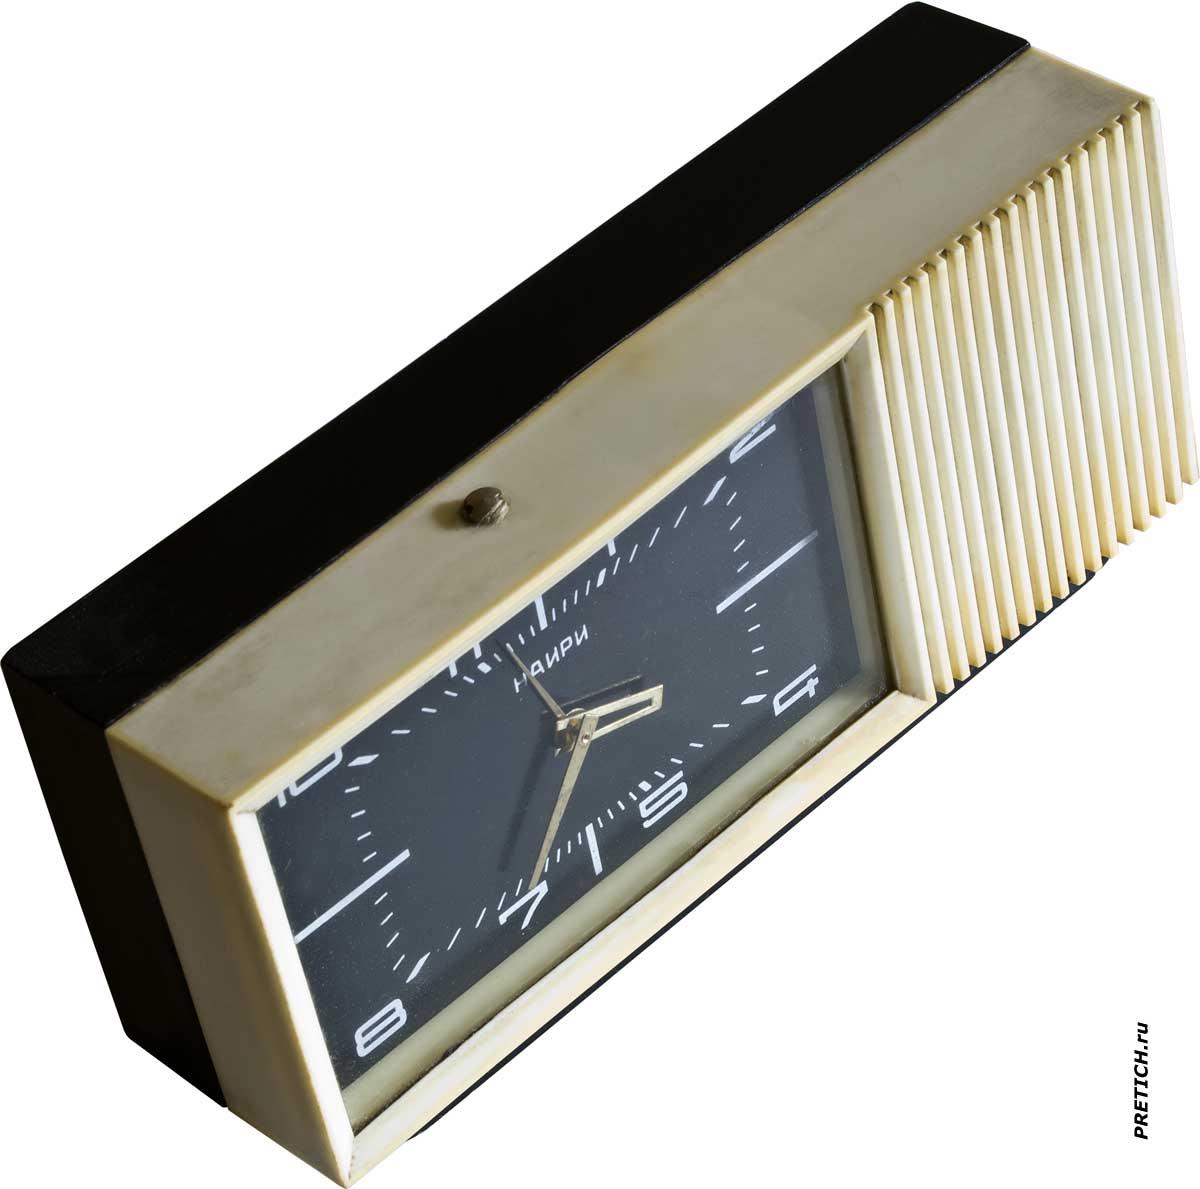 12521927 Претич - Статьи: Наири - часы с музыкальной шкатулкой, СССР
+-------+
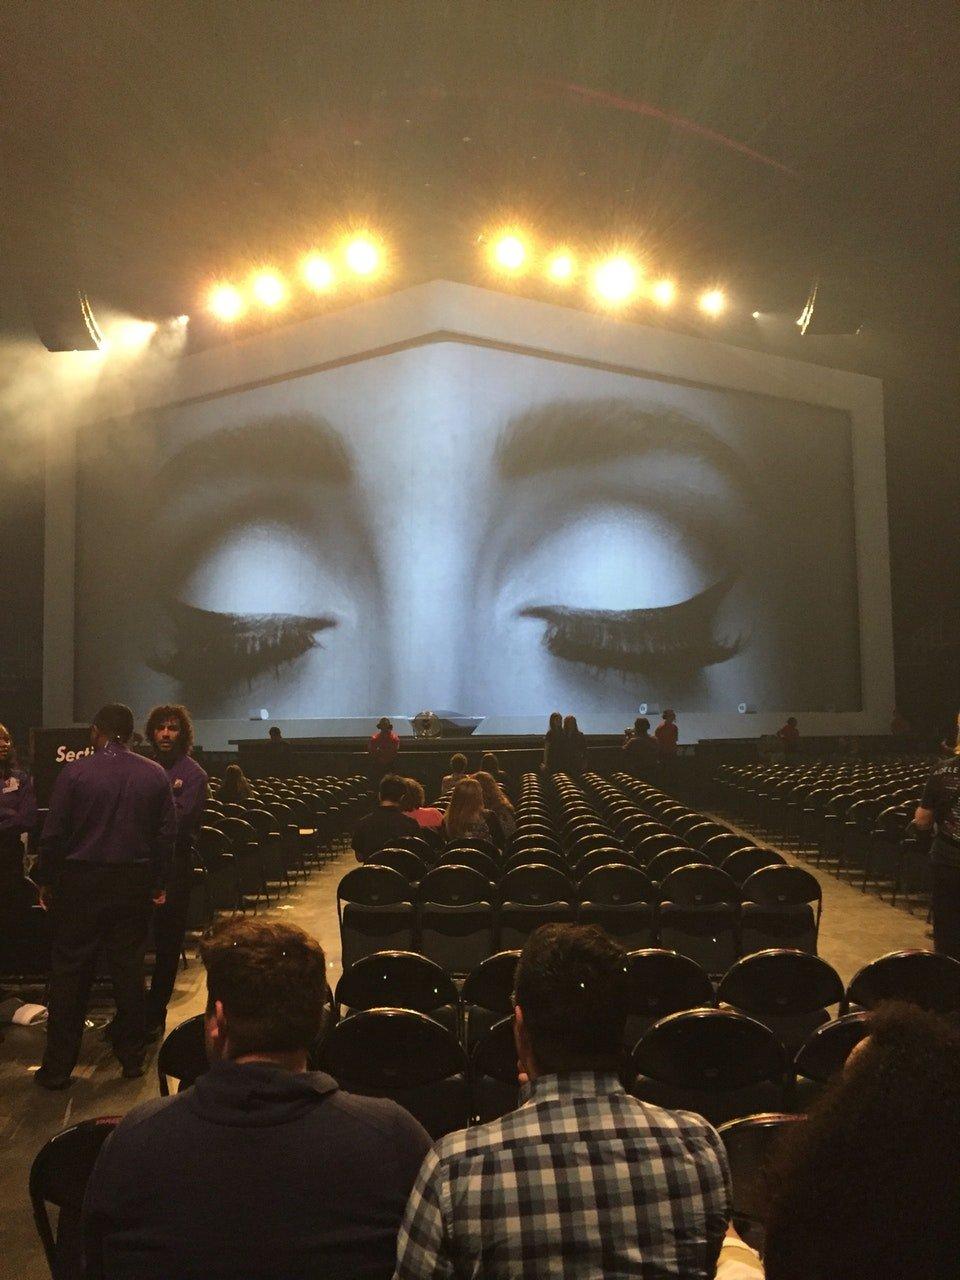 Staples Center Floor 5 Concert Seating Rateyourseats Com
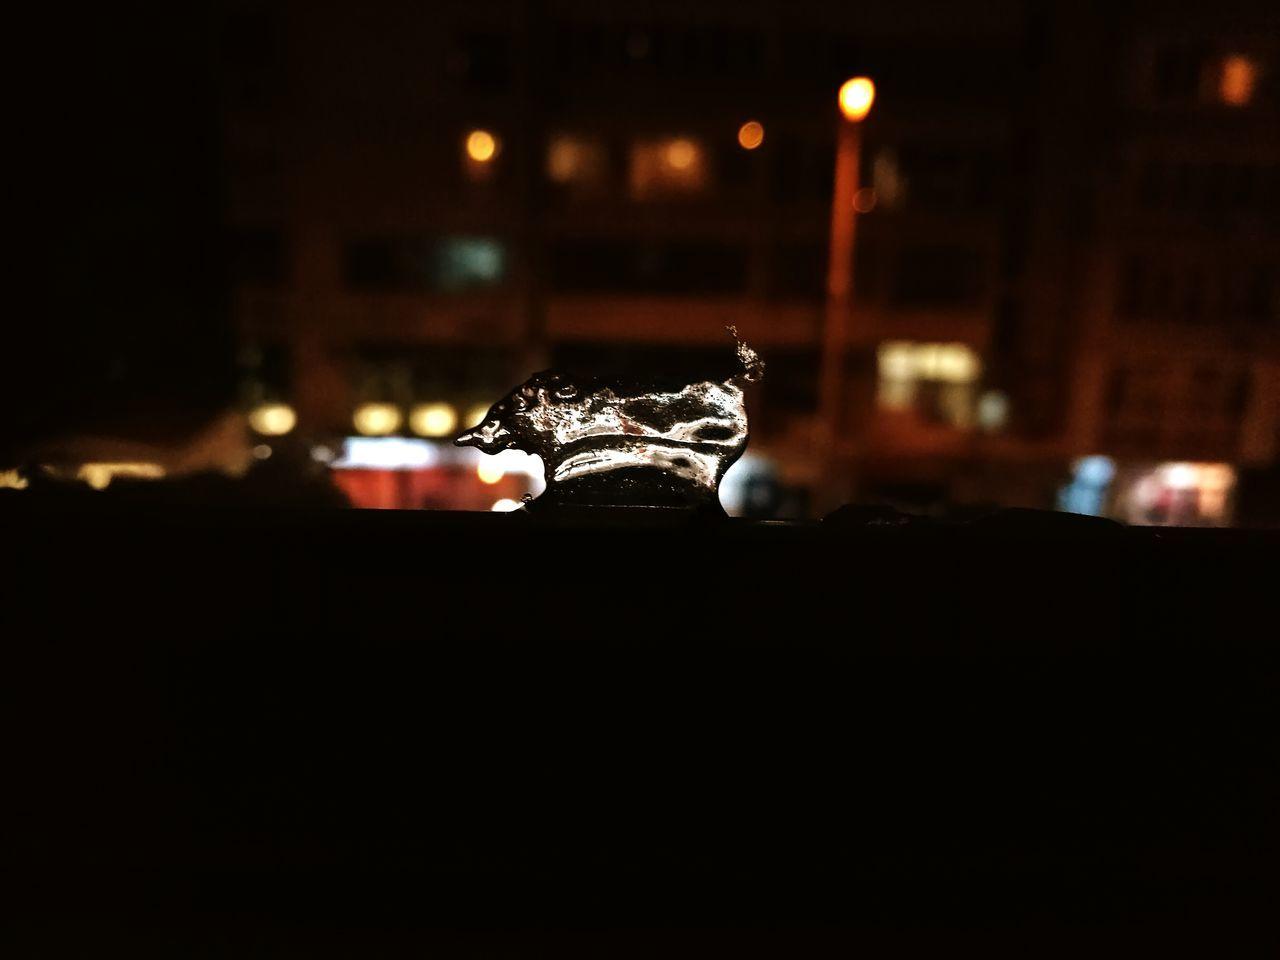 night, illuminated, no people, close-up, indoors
+-------+
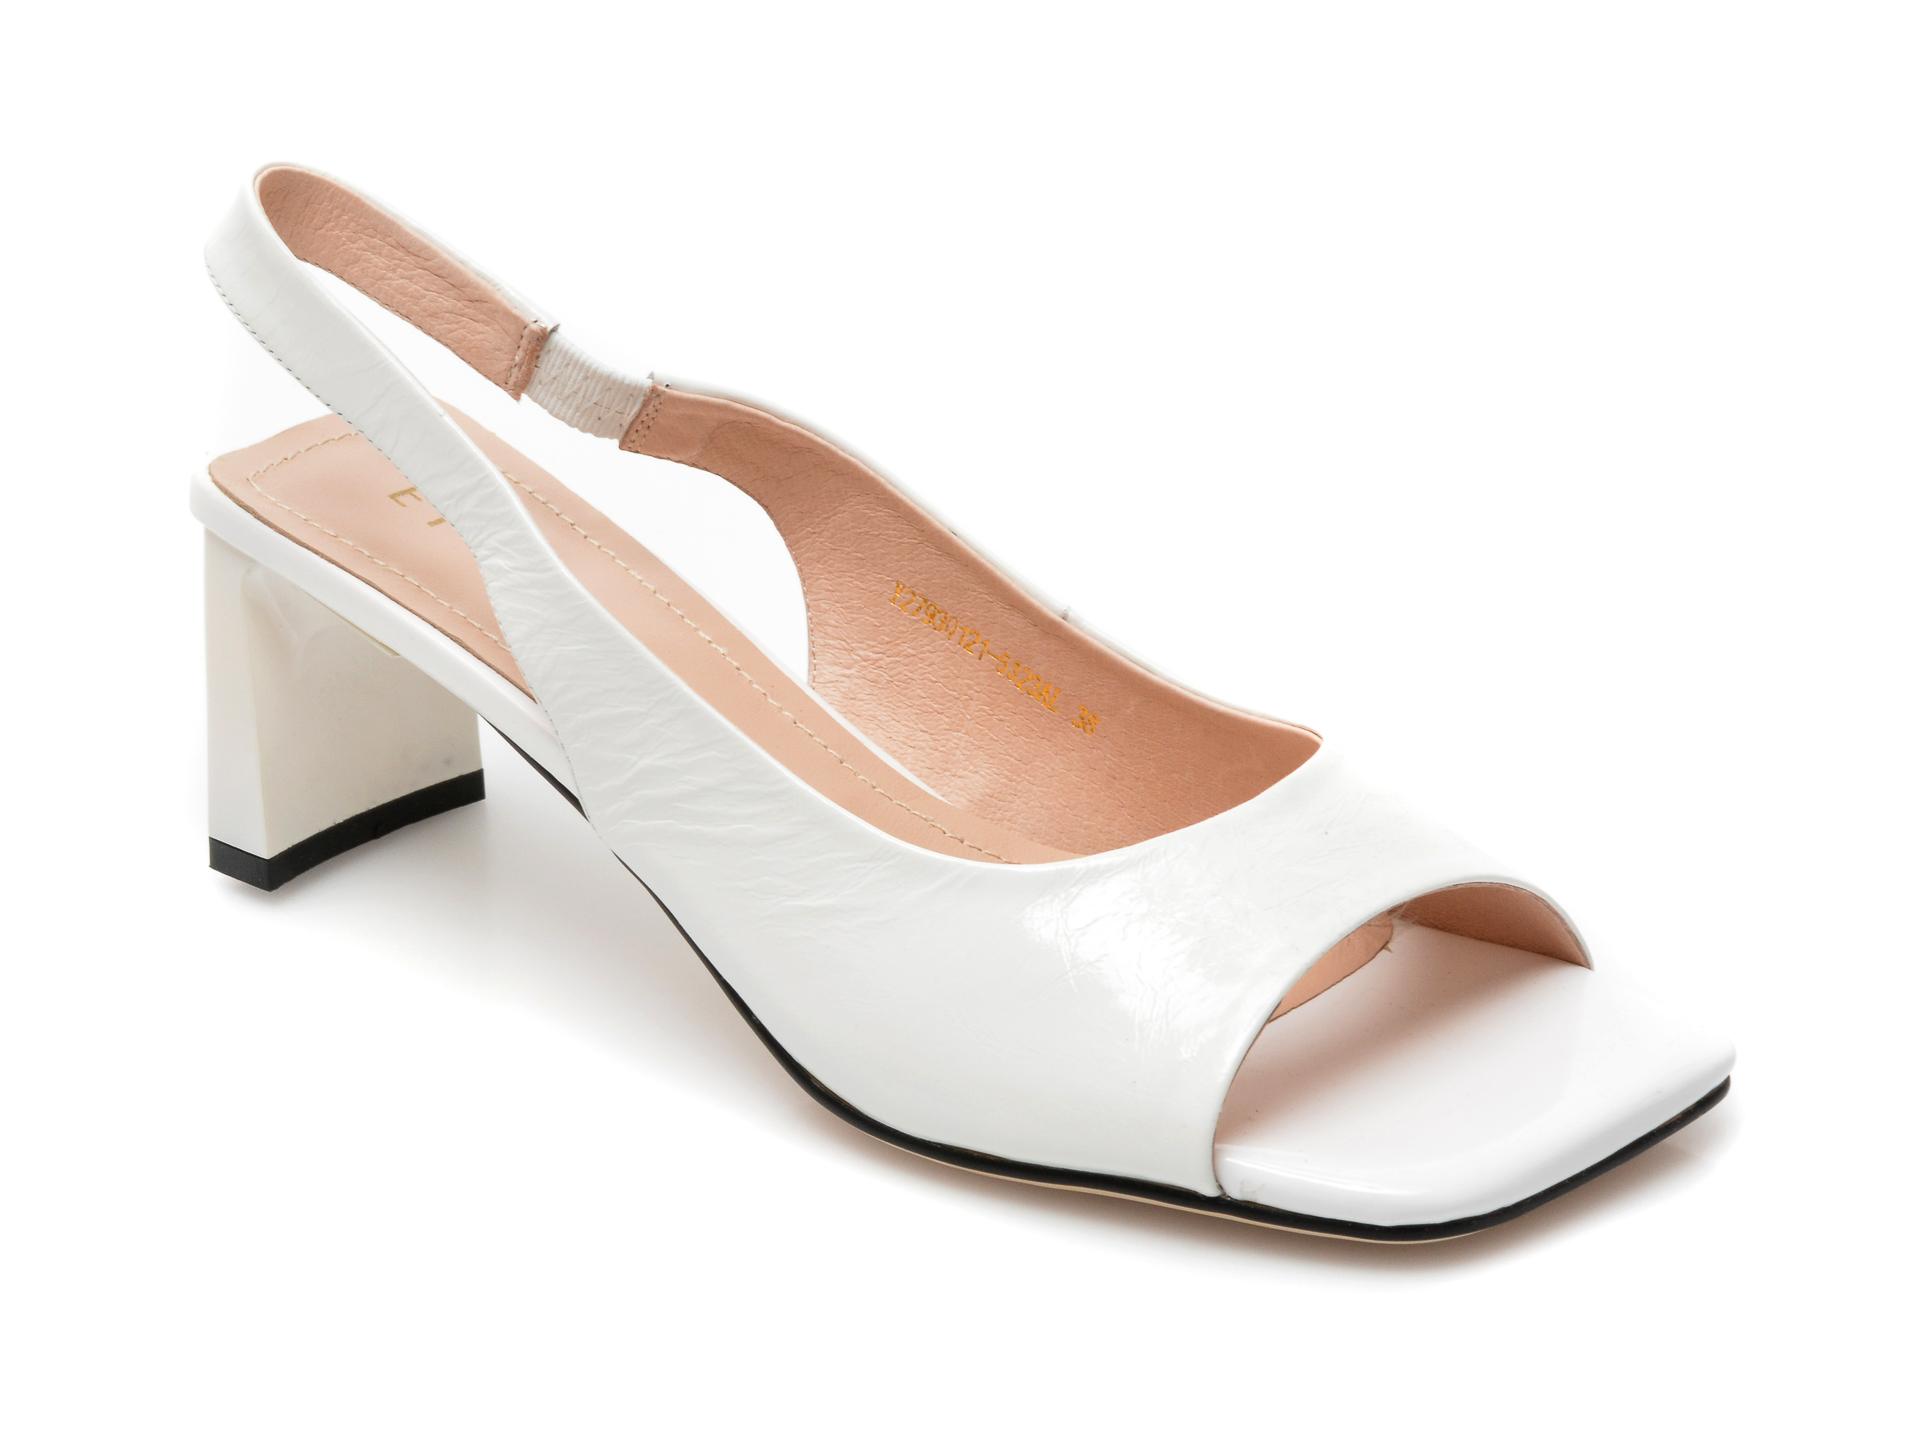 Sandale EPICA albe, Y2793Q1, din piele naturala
+-------+
#### [PROBLEM DETAILS]
Nothing but the lines from the one with "Staples Center Floor" up to and including the one with "night, illuminated, no" should be printed, exactly as they read above. Please keep the pictures out.

#### [SOLUTION]
 Staples Center Floor 5 Concert Seating Rateyourseats Com
 night, illuminated, no people, close-up, indoors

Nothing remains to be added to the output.